Reproduce the listing below from the line with "Black House White Windows with Stucco" to the line with "furniture village leather", both lines included, character for character, minus any pictures.

======== Information provided

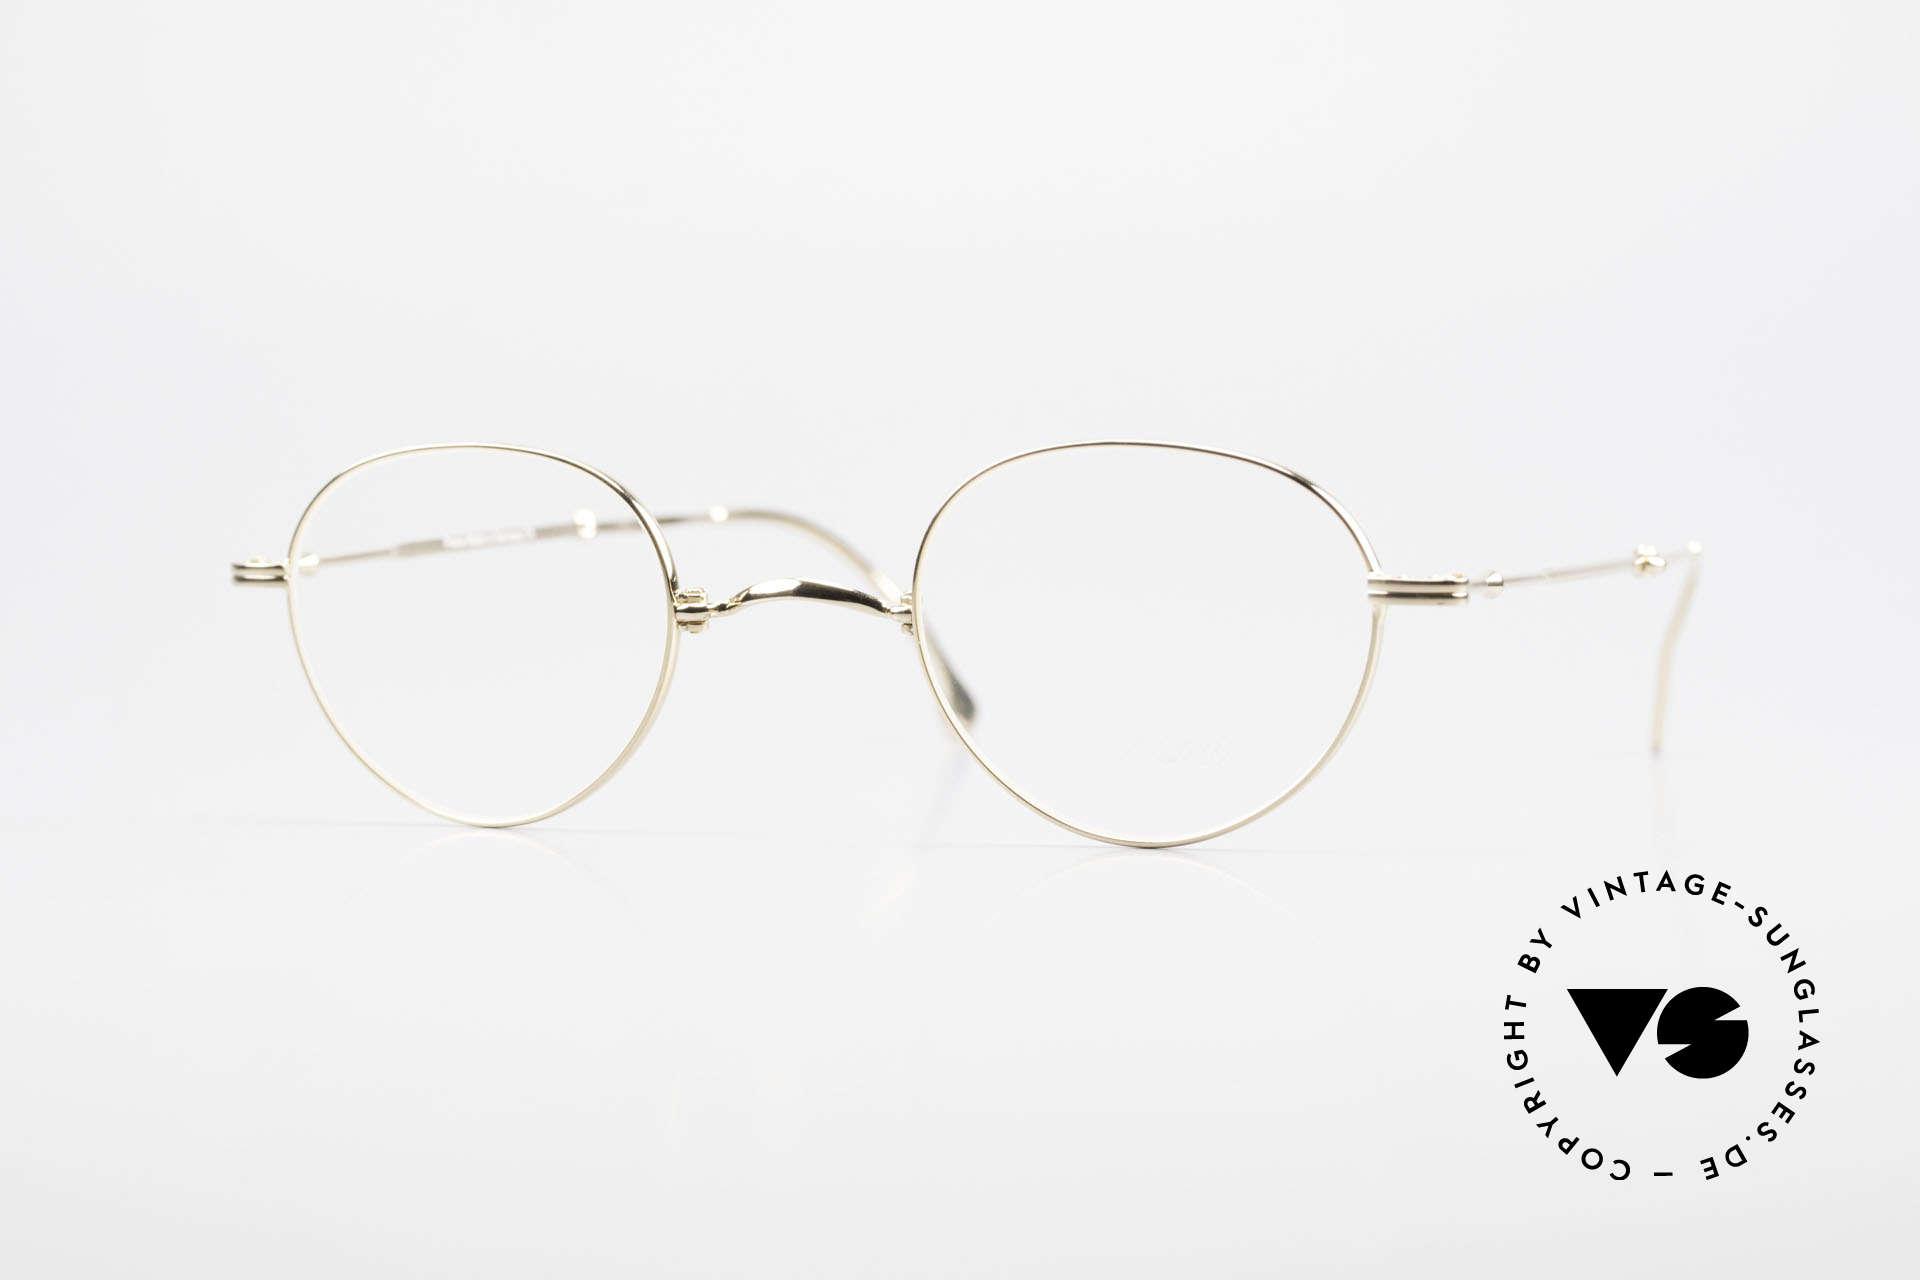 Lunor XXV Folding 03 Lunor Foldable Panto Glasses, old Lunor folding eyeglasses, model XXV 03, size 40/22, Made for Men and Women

================
======== Information provided

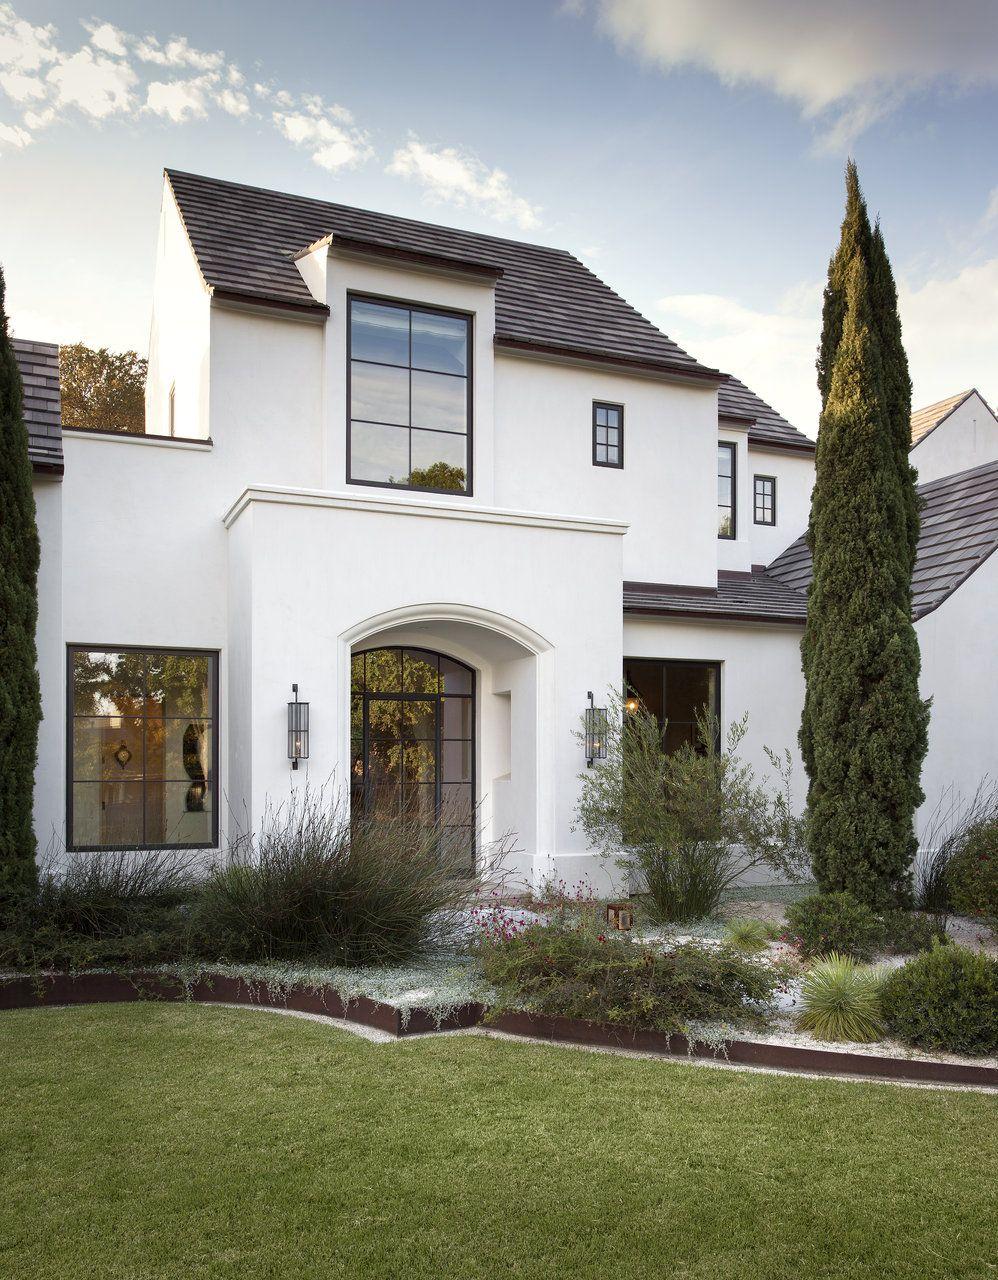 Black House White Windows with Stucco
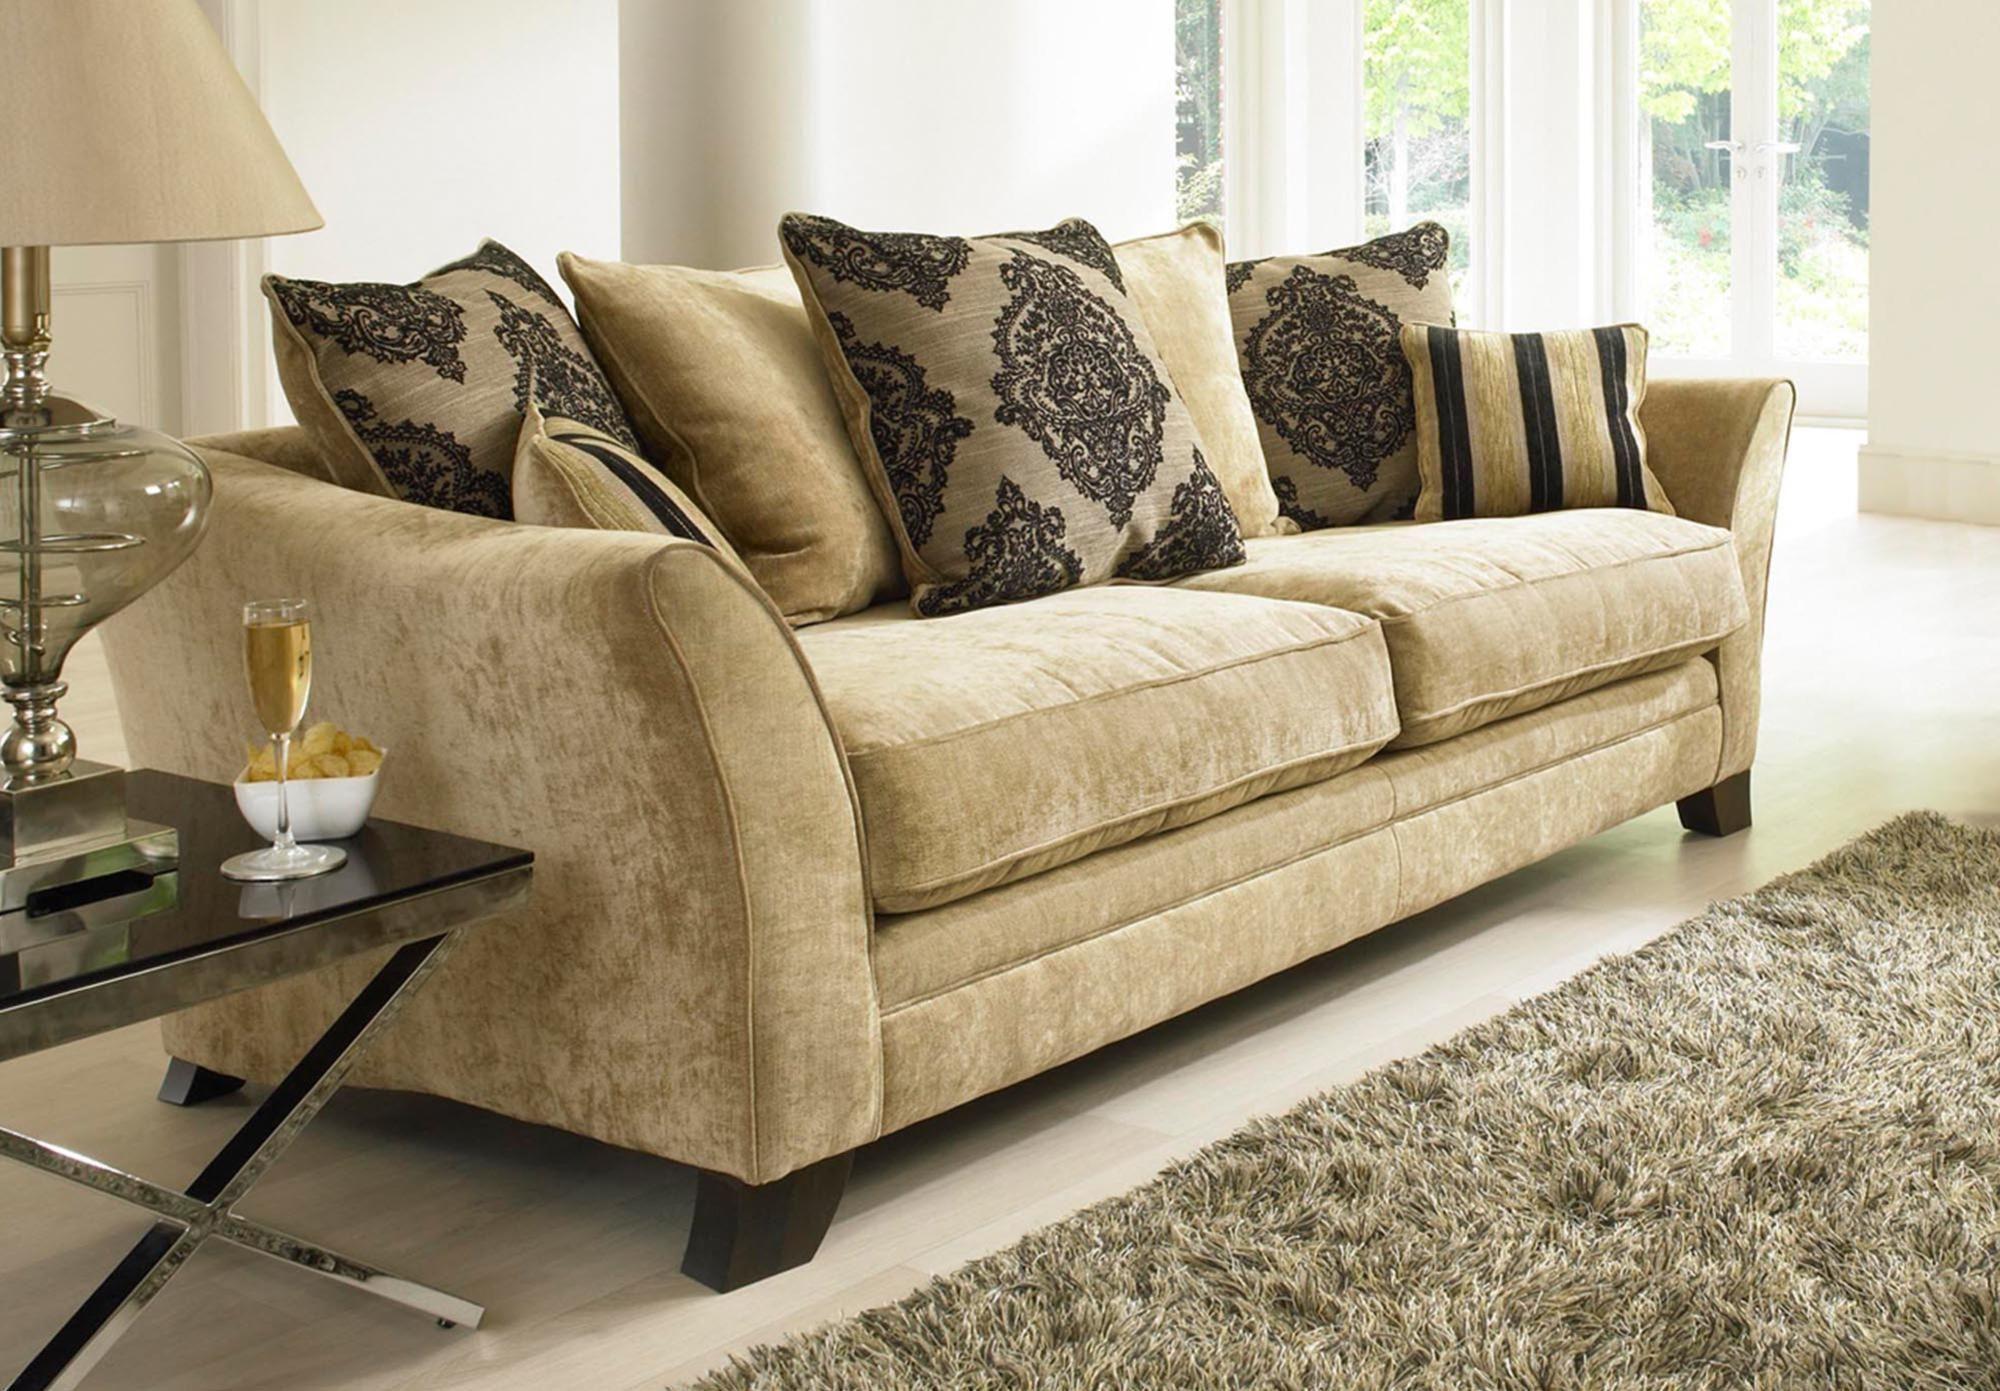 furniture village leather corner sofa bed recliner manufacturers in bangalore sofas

================

### [Expected answer]
 Black House White Windows with Stucco
 furniture village leather corner sofa bed recliner manufacturers in bangalore sofas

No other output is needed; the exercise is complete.